Com inteligência artificial e internet das coisas (IoT) , a startup promete ter mais rigor para cumprir as normas da vigilância sanitária. A vacina da dengue, por exemplo, deve ser mantida entre 2 e 8 graus Celsius. “Ter alguém anotando três vezes por dia a temperatura das vacinas não faz mais sentido. Com uma combinação de sensores nos caminhões, no centro de distribuição e nos laboratórios, a tecnologia manda todas as informações para a internet e a inteligência artificial identifica e envia notificações sobre como essas variações estão afetando o produto” , detalhou Paulo Lerner, CEO da startup
● A inteligência artificial também está presente na solução da startup paranaense Mapzer , que utiliza a tecnologia para localizar potenciais criadouros do Aedes aegypti em áreas urbanas. Com carros adaptados com câmeras , como os que o Google utiliza para mapear as ruas, a empresa faz reconhecimento por foto e vídeo, em tempo real, de lixos em locais irregulares, buracos, entulhos, falta de sinalização e água parada . Fundada em 2022, a empresa localizou mais de 1 milhão de potenciais focos de dengue em 23 municípios do País.
Segundo Paulo Machado, diretor executivo da Mapzer , os dados são enviados a um sistema que gera ordens de serviço para departamentos públicos capazes resolver os problemas identificados. Segundo a empresa, a cobertura é de 100% em área urbana, mas os prazos para avaliação e mapeamento variam de acordo com as características de cada região. “A gente registrou um crescimento de 60% no faturamento em 2023 e temos uma expectativa de expansão de 80% neste ano” , avaliou Machado.

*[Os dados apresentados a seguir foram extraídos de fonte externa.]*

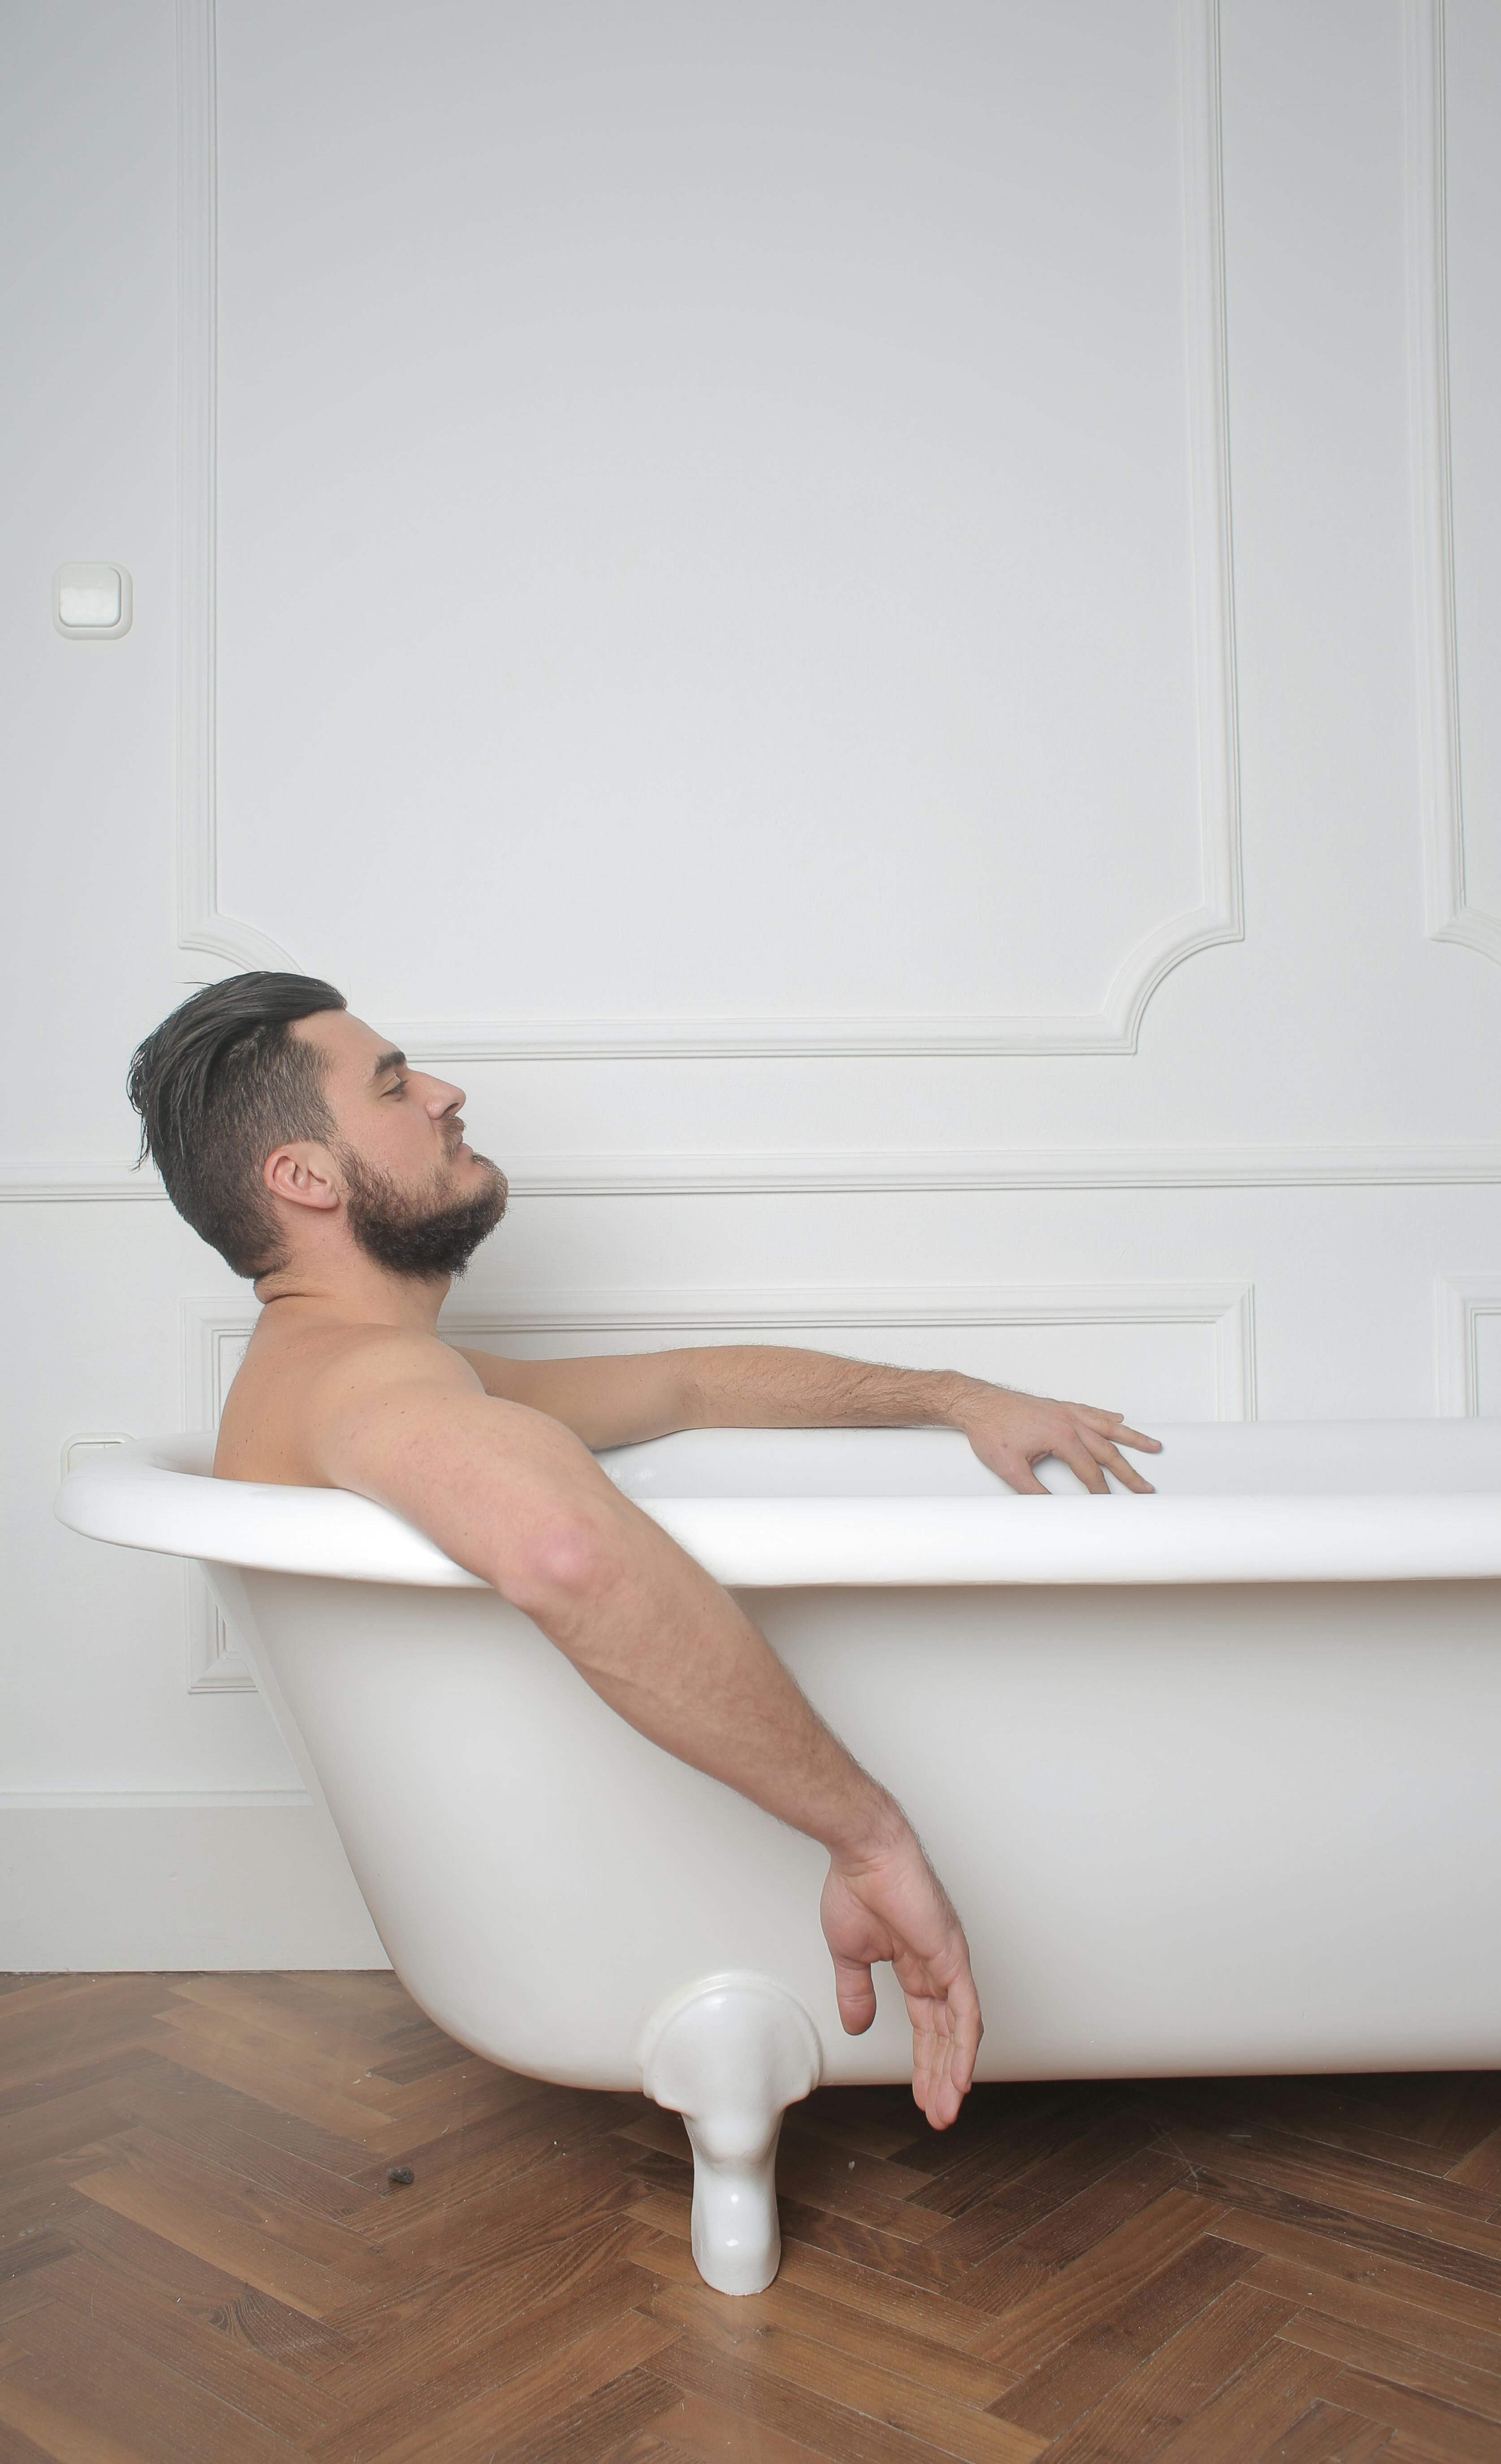 Foto De Stock Gratuita Sobre Adulto Bañándose Bañera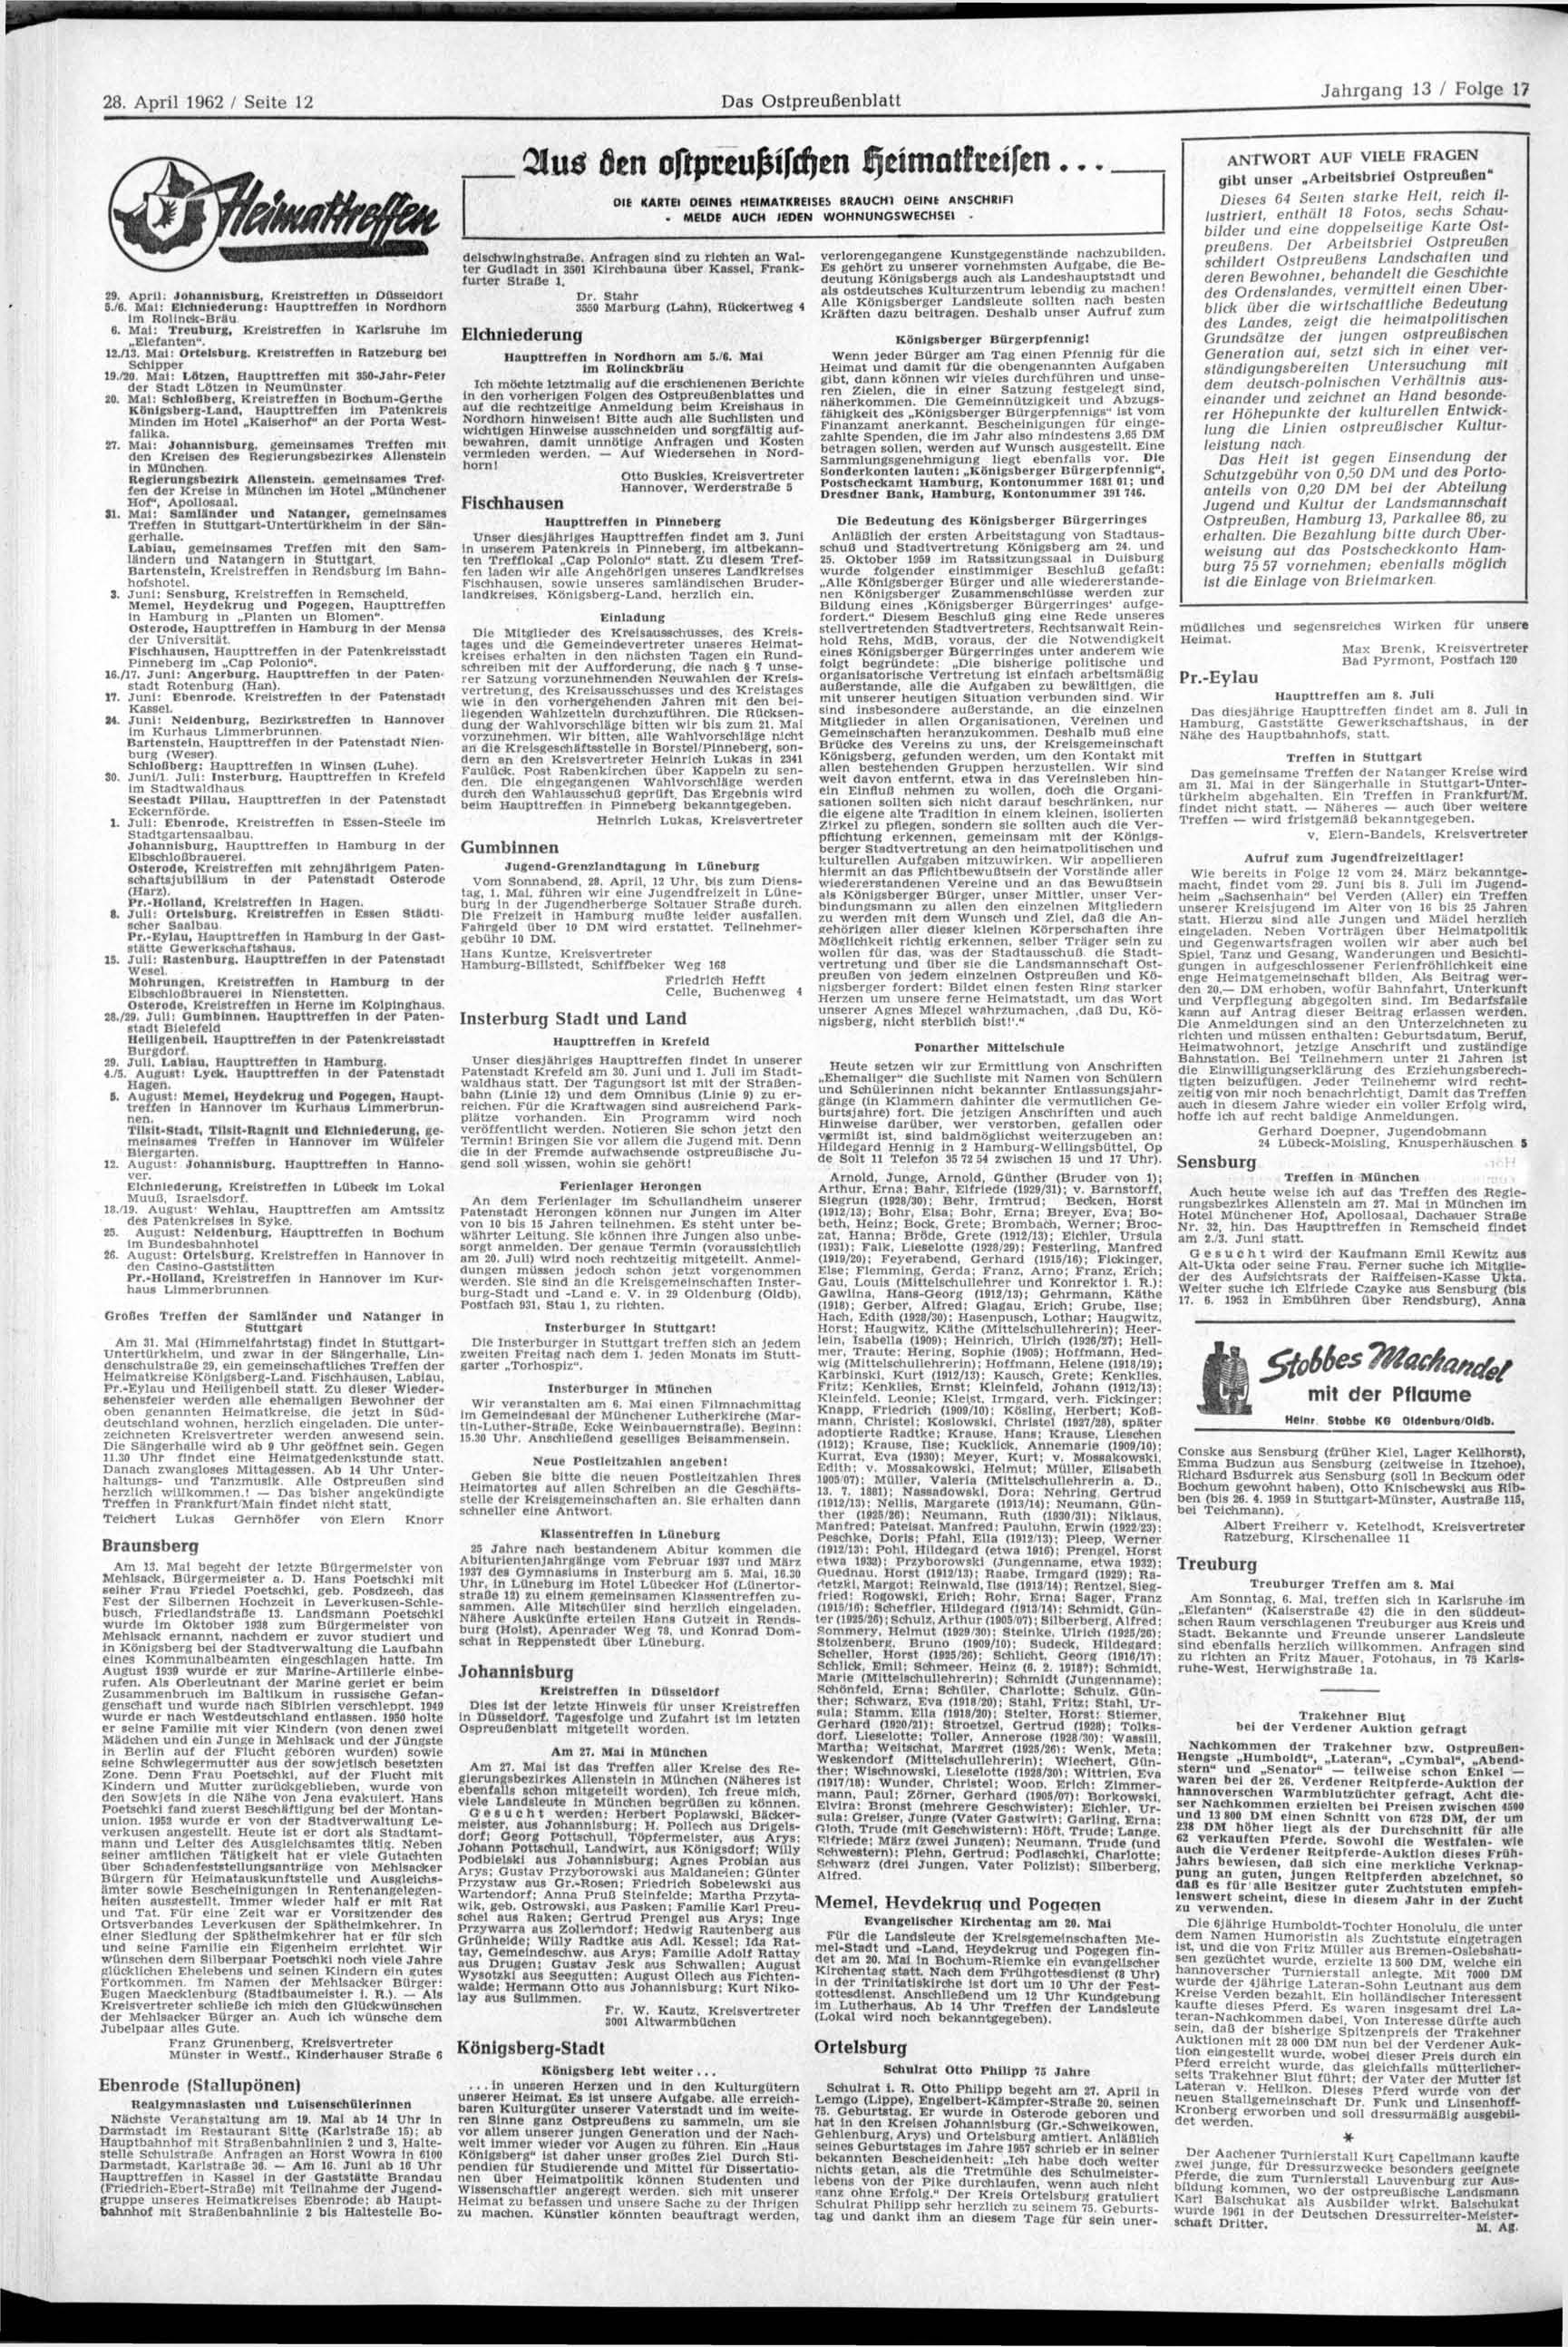 28. April 1962 / Seite 12 Das Ostpreußenblatt 29. April; Johannisburg, Kreistreffen in Düsseldorl 5./6. Mai: Elchniederung: Haupttreffen In Nordhorn Im Rolinck-Brau 6.

Vacina nacional deve chegar em 2025
A vacina da dengue distribuída atualmente pelo Sistema Único de Saúde (SUS) é a QDenga , fabricada pela farmacêutica japonesa Takeda . O imunizante recebeu o aval da Agência Nacional de Vigilância Sanitária (Anvisa) em março de 2023 e foi incorporado ao sistema público em dezembro. Administrada em duas doses, com intervalo de três meses, a QDenga tem eficácia de 60% a 80% contra infecção e de 85% a 90% contra formas graves da doença.
Mas com o aumento de casos da dengue no início deste ano , as doses da vacina praticamente sumiram de clínicas e hospitais, restando ao SUS destiná-las aos grupos prioritários.
Uma solução está prestes a vir do Brasil
• O Instituto Butantan , em São Paulo, chegou à reta final dos estudos da Butantan-DV, vacina tetravalente de dose única produzida no Brasil, composta pelos quatro sorotipos do vírus: DENV-1, DENV-2, DENV-3 e DENV-4.
• Como a Qdenga, o imunizante nacional é produzido a partir da tecnologia de vírus atenuado, que induz uma proteção duradoura tanto de anticorpos como de resposta celular.
As expectativas são otimistas . Testes clínicos concluíram que a vacina de dose única contra a dengue produzida pelo Instituto Butantan tem eficácia de 79,6% em participantes sem evidência de exposição prévia à doença e de 89,2% entre aqueles com histórico de exposição. A expectativa é que a vacina chegue à população em 2025.
O Banco Nacional de Desenvolvimento Econômico e Social (BNDES) liberou R$ 45,4 milhões para que o Butantan realize os testes necessários para que a nova vacina seja submetida à Anvisa em dezembro de 2024.